> What is expected
Please keep pictures out and return the lines below exactly, from the one holding "Super Cup Choco" through the last, both included.

> Data below
#####

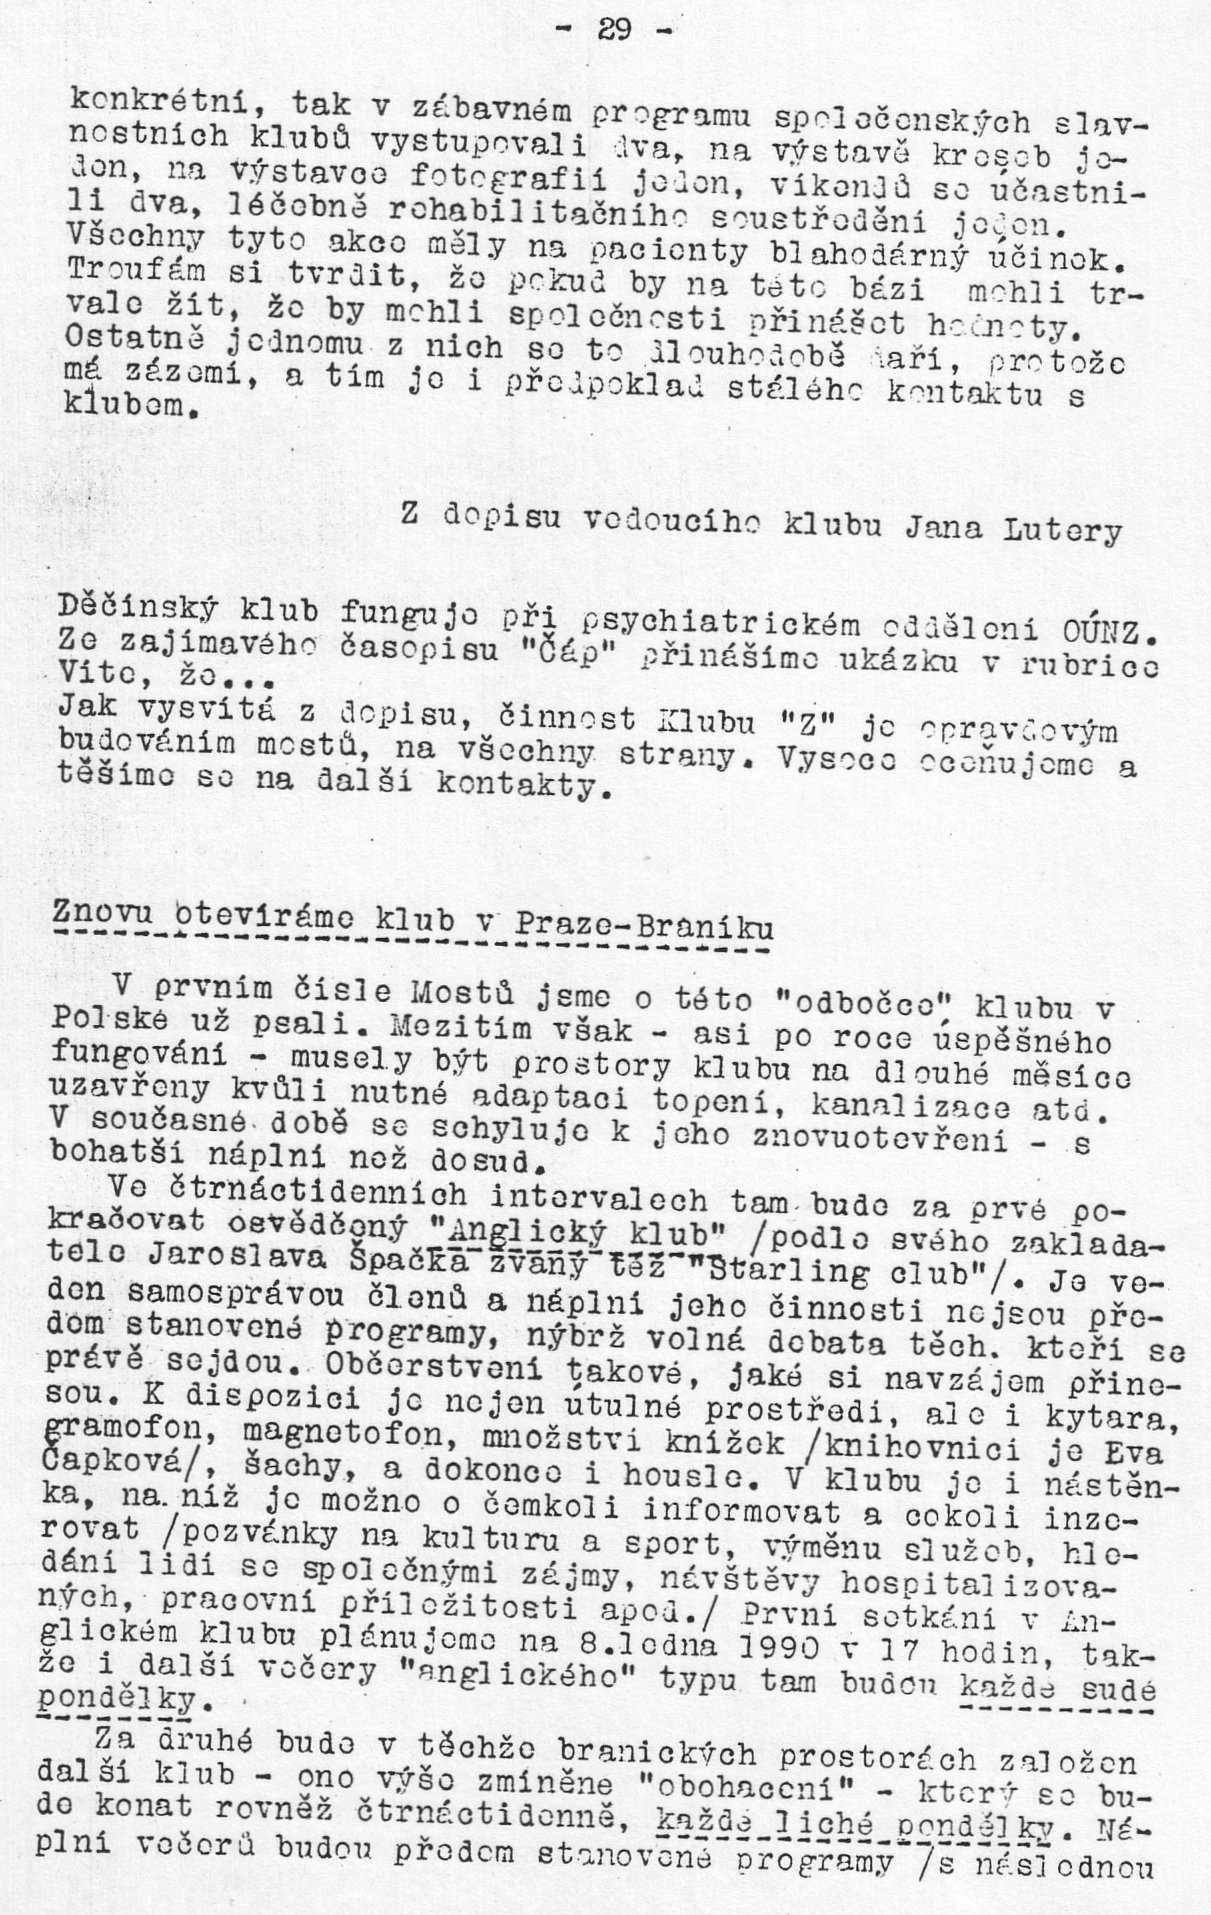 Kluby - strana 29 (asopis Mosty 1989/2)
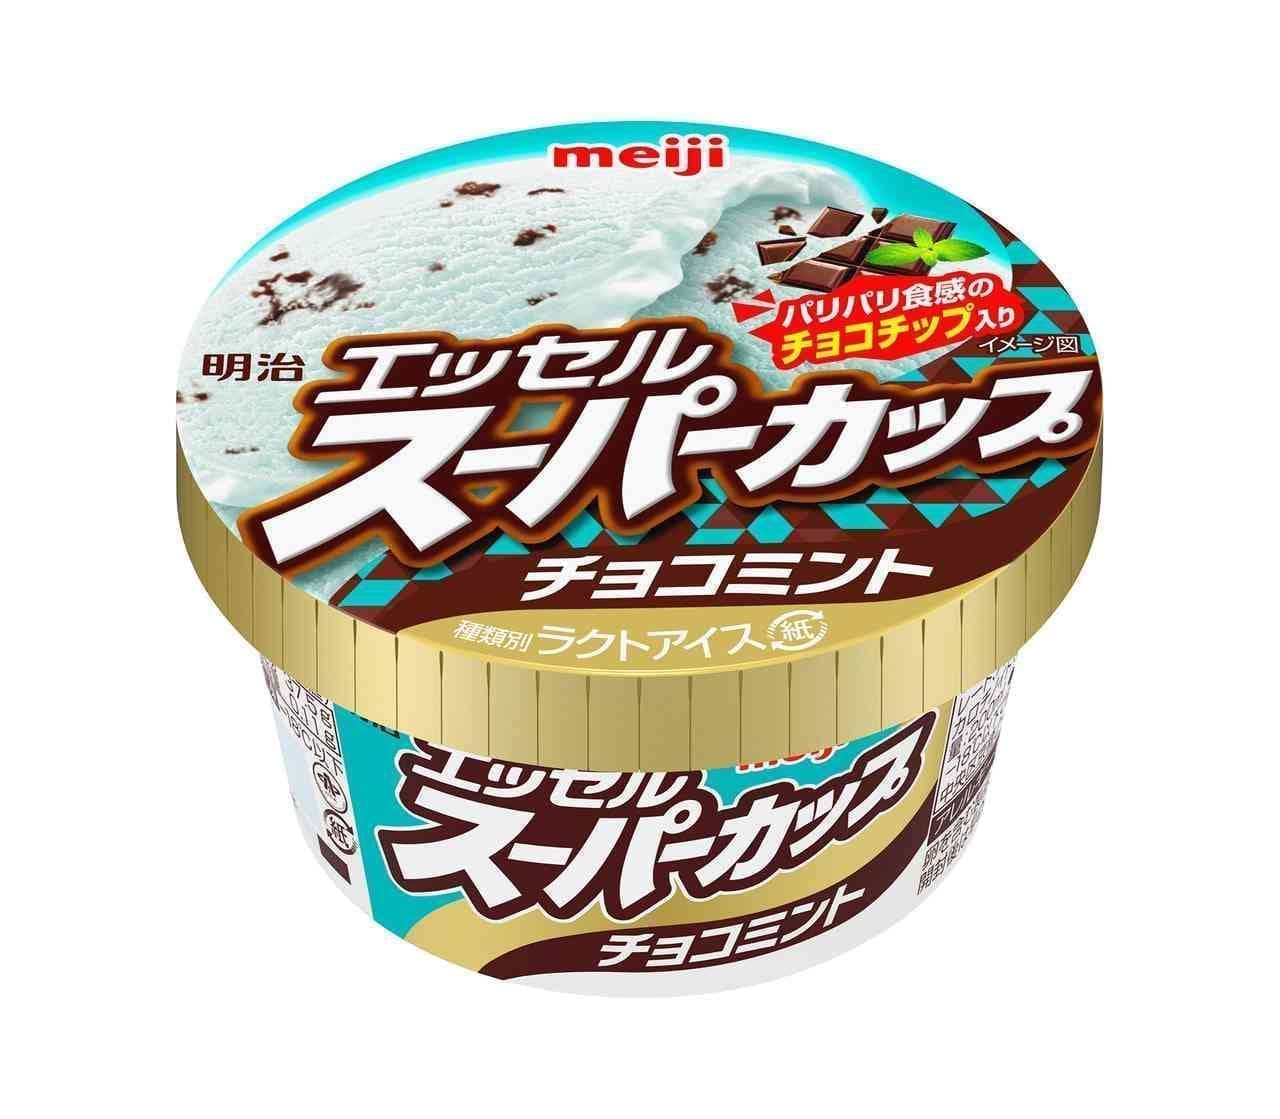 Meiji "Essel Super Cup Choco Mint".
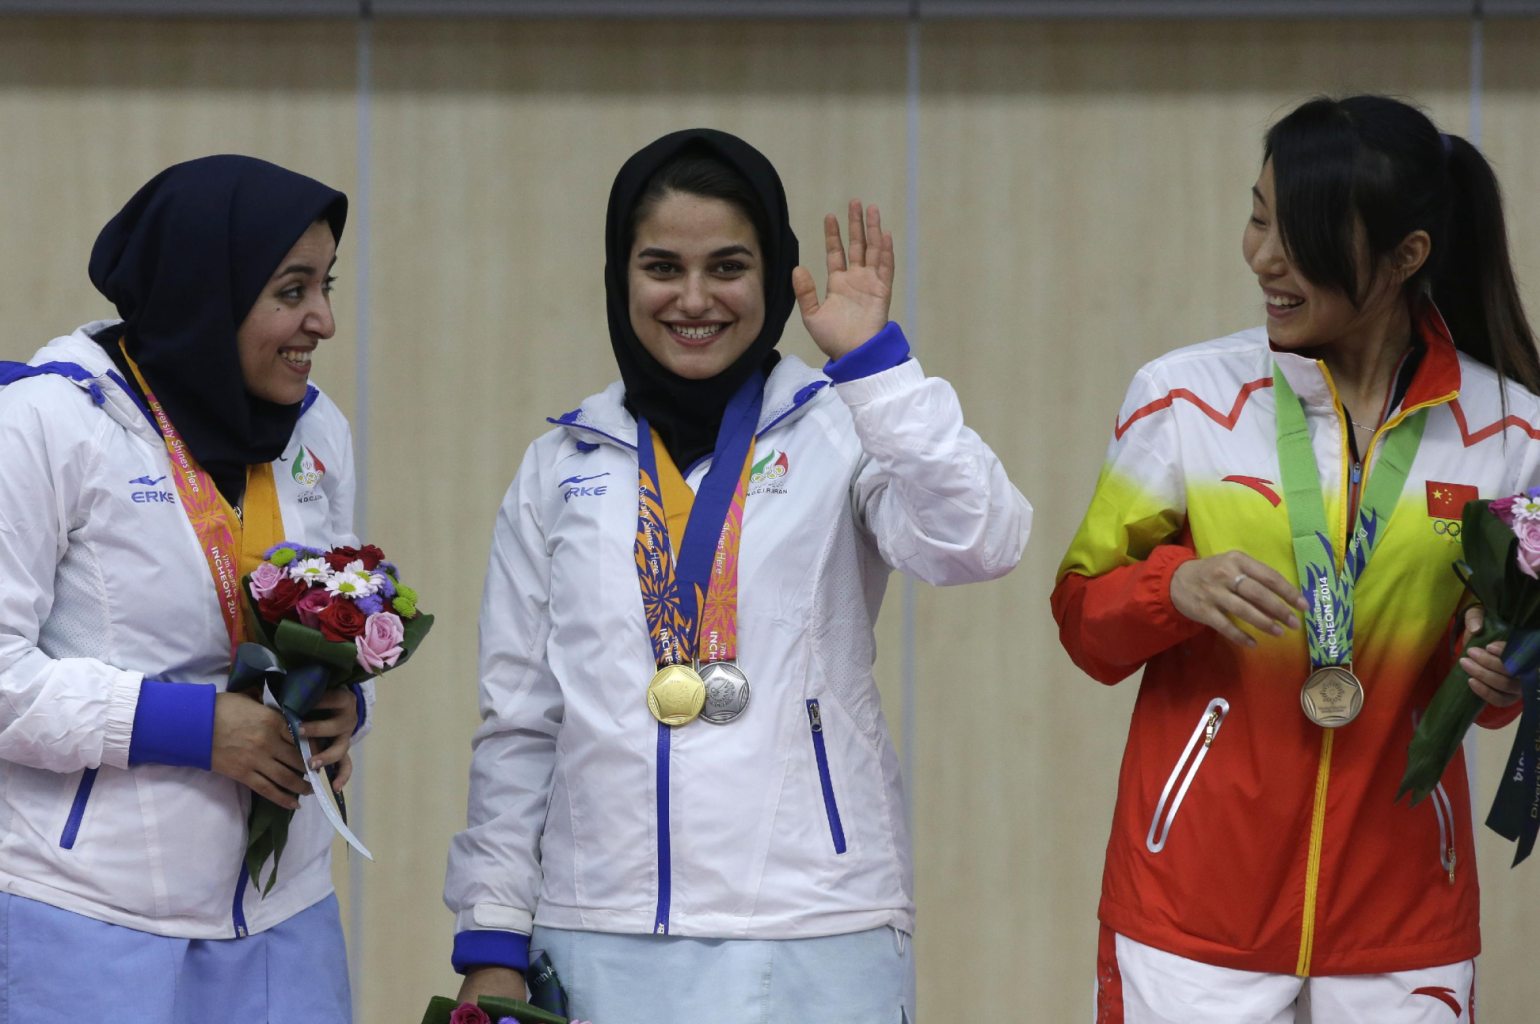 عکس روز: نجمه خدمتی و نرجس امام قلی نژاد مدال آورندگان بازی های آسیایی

#####

> Answer for the task
 Meiji "Essel Super Cup Choco Mint".
 عکس روز: نجمه خدمتی و نرجس امام قلی نژاد مدال آورندگان بازی های آسیایی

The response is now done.